• [Material shown]
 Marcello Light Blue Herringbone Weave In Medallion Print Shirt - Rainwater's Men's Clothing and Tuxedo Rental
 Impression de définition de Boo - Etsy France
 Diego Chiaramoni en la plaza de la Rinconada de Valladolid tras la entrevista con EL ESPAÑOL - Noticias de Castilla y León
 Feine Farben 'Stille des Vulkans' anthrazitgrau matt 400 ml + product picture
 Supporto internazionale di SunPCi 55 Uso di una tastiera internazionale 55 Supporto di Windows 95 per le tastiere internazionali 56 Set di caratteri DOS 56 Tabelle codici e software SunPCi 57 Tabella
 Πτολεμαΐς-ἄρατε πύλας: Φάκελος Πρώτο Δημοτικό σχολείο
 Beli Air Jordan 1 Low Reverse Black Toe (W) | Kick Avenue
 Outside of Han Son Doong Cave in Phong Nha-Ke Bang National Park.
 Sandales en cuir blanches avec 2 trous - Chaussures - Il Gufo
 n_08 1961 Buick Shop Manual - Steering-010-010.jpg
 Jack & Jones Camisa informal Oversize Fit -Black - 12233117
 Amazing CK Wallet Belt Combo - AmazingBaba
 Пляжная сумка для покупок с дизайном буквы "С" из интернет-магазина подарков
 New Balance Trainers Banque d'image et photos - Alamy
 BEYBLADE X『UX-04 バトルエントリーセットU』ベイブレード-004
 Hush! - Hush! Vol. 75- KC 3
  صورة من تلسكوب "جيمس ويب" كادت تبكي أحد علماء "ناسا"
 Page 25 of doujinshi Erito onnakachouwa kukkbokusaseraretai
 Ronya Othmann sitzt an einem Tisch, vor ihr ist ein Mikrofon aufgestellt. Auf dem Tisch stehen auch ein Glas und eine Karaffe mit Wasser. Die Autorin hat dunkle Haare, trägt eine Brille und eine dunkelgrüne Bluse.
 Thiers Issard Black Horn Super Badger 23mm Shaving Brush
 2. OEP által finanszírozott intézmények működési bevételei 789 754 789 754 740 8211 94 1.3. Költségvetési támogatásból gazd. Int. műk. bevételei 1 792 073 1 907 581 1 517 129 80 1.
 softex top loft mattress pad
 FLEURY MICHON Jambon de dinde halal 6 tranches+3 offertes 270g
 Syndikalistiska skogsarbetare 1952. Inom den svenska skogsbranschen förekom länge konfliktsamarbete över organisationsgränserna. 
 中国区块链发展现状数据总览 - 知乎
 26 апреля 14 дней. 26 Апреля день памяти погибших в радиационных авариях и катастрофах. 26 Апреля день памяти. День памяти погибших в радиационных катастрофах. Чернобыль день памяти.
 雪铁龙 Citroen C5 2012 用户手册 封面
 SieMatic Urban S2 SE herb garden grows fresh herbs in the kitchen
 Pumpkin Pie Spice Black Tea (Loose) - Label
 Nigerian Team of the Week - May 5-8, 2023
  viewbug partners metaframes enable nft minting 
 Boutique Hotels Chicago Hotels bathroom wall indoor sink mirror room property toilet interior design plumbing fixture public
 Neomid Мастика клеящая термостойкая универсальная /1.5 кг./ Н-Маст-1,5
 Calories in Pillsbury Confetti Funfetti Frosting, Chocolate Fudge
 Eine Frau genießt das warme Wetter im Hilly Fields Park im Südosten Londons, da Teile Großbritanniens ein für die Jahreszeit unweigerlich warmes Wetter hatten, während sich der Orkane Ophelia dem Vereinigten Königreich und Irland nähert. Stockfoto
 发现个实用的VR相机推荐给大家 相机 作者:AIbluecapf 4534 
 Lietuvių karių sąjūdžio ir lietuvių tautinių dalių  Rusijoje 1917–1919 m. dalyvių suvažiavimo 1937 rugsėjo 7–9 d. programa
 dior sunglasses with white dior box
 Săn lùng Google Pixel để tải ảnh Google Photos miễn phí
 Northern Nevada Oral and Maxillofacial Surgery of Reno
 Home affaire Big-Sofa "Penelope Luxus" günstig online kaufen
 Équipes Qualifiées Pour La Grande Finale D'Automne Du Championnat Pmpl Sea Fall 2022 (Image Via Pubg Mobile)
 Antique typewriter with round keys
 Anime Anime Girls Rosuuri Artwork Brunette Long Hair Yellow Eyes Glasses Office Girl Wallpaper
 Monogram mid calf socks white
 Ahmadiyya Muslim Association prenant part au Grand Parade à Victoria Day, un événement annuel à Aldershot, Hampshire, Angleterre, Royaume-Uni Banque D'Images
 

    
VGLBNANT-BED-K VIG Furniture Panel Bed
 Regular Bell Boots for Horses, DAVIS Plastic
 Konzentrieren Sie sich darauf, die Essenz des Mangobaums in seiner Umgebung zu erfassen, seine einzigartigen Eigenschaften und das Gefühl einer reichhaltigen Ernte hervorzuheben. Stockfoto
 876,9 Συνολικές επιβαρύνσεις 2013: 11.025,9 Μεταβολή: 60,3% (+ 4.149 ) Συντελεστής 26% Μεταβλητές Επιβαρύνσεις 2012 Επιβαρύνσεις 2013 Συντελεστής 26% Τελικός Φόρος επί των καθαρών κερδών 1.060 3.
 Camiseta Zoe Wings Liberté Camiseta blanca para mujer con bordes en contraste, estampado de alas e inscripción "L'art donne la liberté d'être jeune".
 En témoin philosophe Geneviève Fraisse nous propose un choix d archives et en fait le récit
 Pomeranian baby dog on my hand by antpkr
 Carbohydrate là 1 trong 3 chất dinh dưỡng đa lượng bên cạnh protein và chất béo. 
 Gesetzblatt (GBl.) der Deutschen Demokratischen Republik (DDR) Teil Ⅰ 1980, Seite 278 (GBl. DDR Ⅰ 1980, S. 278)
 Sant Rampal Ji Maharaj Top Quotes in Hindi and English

• [Problem requirements]
For every line of the data above that contains "sich", copy that line.

• [Solution]
 Eine Frau genießt das warme Wetter im Hilly Fields Park im Südosten Londons, da Teile Großbritanniens ein für die Jahreszeit unweigerlich warmes Wetter hatten, während sich der Orkane Ophelia dem Vereinigten Königreich und Irland nähert. Stockfoto
 Konzentrieren Sie sich darauf, die Essenz des Mangobaums in seiner Umgebung zu erfassen, seine einzigartigen Eigenschaften und das Gefühl einer reichhaltigen Ernte hervorzuheben. Stockfoto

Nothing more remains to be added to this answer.